12 Power Supply Recommendations

The ADS42B49 has three power supplies: two analog (AVDD and AVDD_BUF) and one digital (DRVDD) supply. The AVDD supply has a nominal voltage of 1.9 V. The AVDD_BUF supply has a nominal voltage of 3.3 V. DRVDD supply has a nominal voltage of 1.8 V. Both AVDD supplies are noise sensitive and the digital supply is not.

12.1 Using DC/DC Power Supplies

DC/DC switching power supplies can be used to power DRVDD without issue. Both AVDD supplies can be powered from a switching regulator. Noise and spurs on the AVDD power supply affect the SNR and SFDR of the ADC, and appear near DC and as a modulated component around the input frequency. If a switching regulator is used, it should be designed to have minimal voltage ripple. Supply filtering should be used to limit the amount of spurious noise at the AVDD supply pins. Extra placeholders should be placed on the schematic for additional filtering. Optimize filtering in the final system to achieve the desired performance. The choice of power supply ultimately depends on the system requirements. For instance, if very low phase noise is required, do not use a switching regulator.

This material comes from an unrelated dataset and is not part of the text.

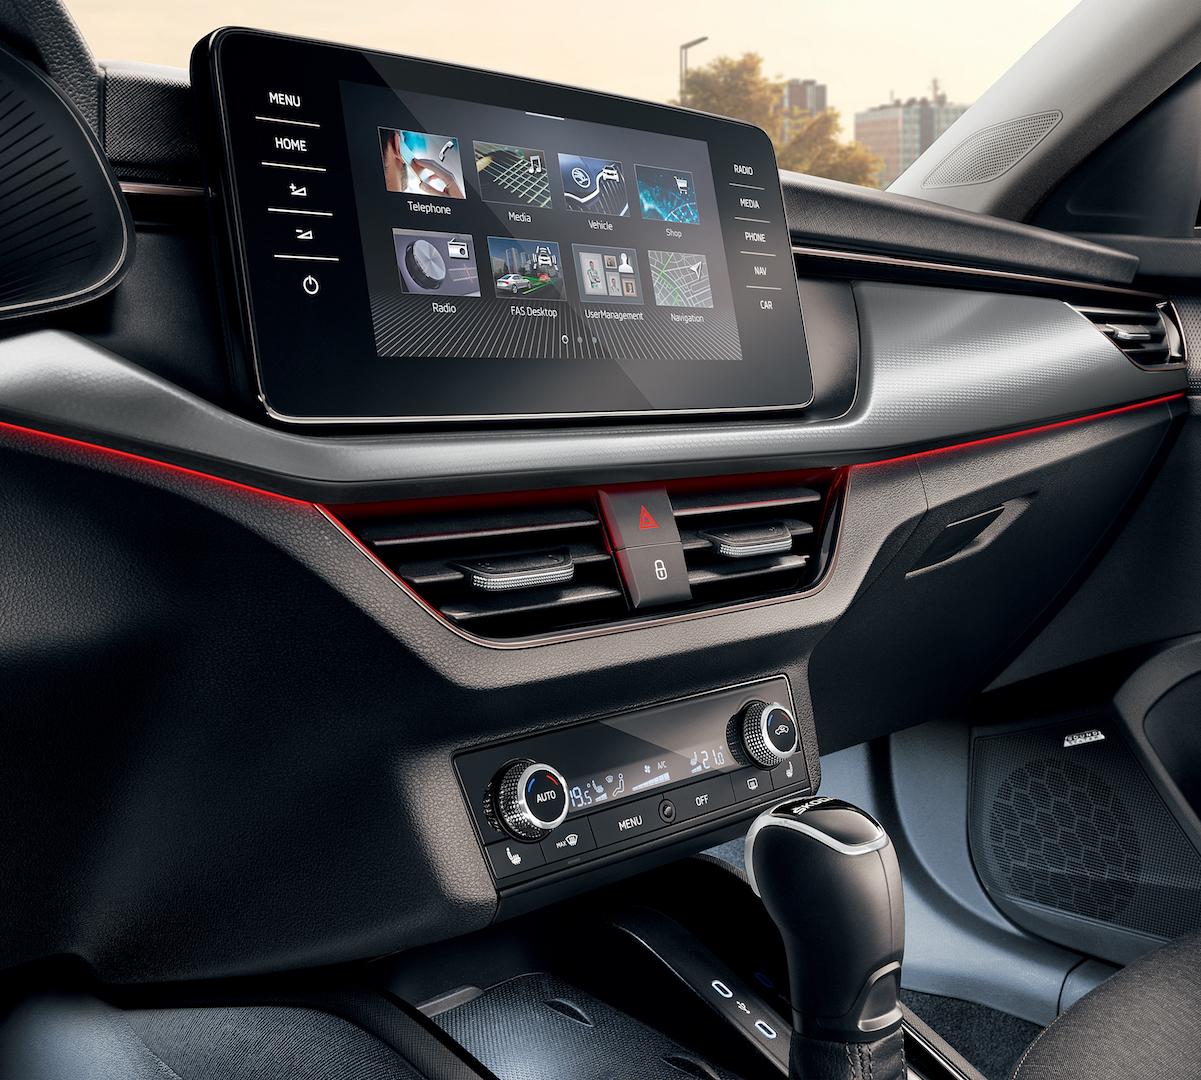 Moderne Mittelkonsole, wie bei Autos aus dem VW-Konzern bekannt, alles da aber kein unnötiger Firlefanz.

12.2 Power Supply Bypassing

Because the ADS42B49 already includes internal decoupling, minimal external decoupling can be used without loss in performance. Decoupling capacitors can help filter external power-supply noise; thus, the optimum number of capacitors depends on the actual application. A 0.1-uF capacitor is recommended near each supply pin. The decoupling capacitors should be placed very close to the converter supply pins.